Ты не любишь стихов – никогда не любил, не знал,
не заучивал, не повторял, не носил у сердца.
Ты не ведаешь, что здесь делает полный зал —
и зачем ты к нему, самозванец, лицом уселся.
Присягаю: прошло, забыто, простите все,
это кто-то другой нагулял по другим дорогам,
ибо нынешний кружится белкою в колесе
и не помнит того языка, на котором – с Богом.
Я не слышу вас, я вас не слышу: плохая связь —
или руки дрожат, или пальцы уже не держат,
а веревочка тонкая, между эпох змеясь,
издает вдруг ужасный… но, в общем, понятный скрежет.
Впрочем, тень не скрежещет, о чём я, Господь со мной,
и с тобой, и со всеми, кто ловит далёкий отзвук
или отблеск далёкий – отчаянный позывной
для особо нервозных! Хоть это не для нервозных.
Потому что мы знаем: не будет других разов —
вострубил уже ангел последний, у Иоанна
больше ангелов нет – и никто не пришёл на зов,
и прокисло вино за кормой второго стакана.

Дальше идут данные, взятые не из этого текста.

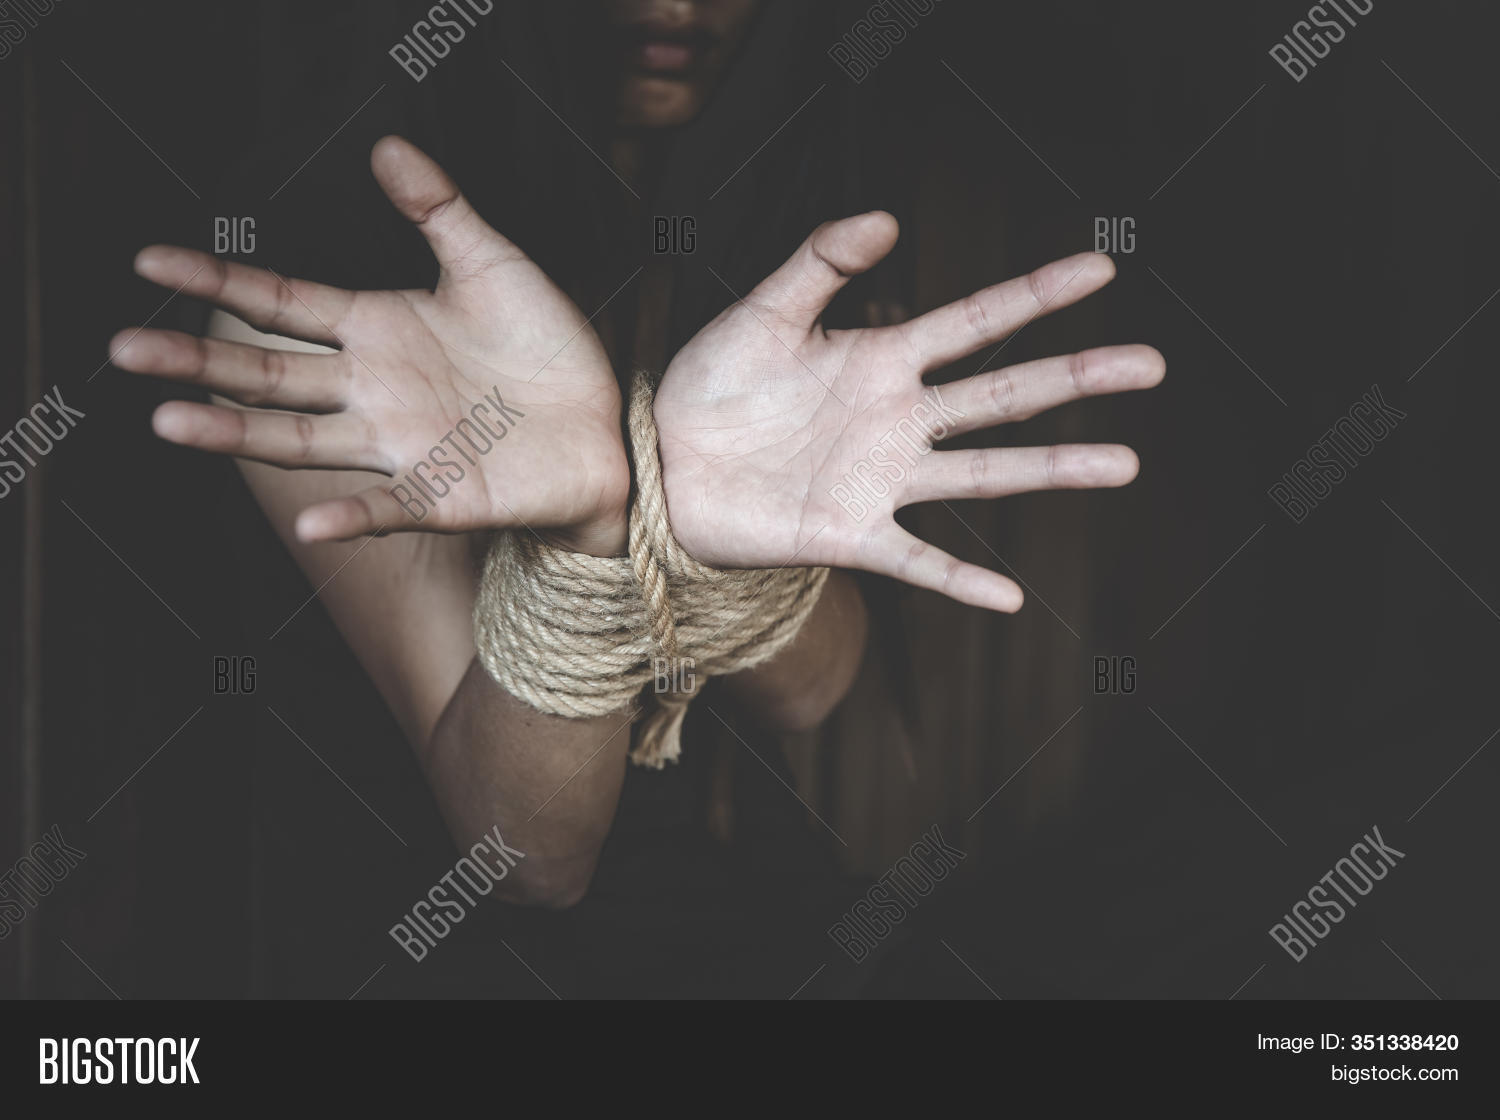 cynthia clements share tied up and abused photos

«Хоровод красавчиков и страшил…»
Хоровод красавчиков и страшил,
безмятежные небеса…
Вот и век, не заметив меня, прошёл,
вот и новый век начался.
Тот был век-полигон, а каков-то – сей?
Улыбается Божество:
он пока никаков, он пока музей
экспонатов века того.
Он пока никаков, он пока альбом
с фотографиями родни:
малыша с крутым, в завитушках, лбом —
зачинателя всей резни,
малыша с усищами, в чьих зрачках
чёрный ворон и чёрный холм,
малыша – ничком, в роговых очках,
малыша – на бомбе верхом…
Всюду матушки, тётушки и дядья
пьют чаи, говорят о душе —
там никак не мог оказаться я,
да и поздно было уже:
день к концу подходил, был притушен свет
и не вёл никуда след…
А к тому же меня никогда нет.
Да меня и теперь нет.
Раньше я не знал, что каждый – каждый! – может умереть.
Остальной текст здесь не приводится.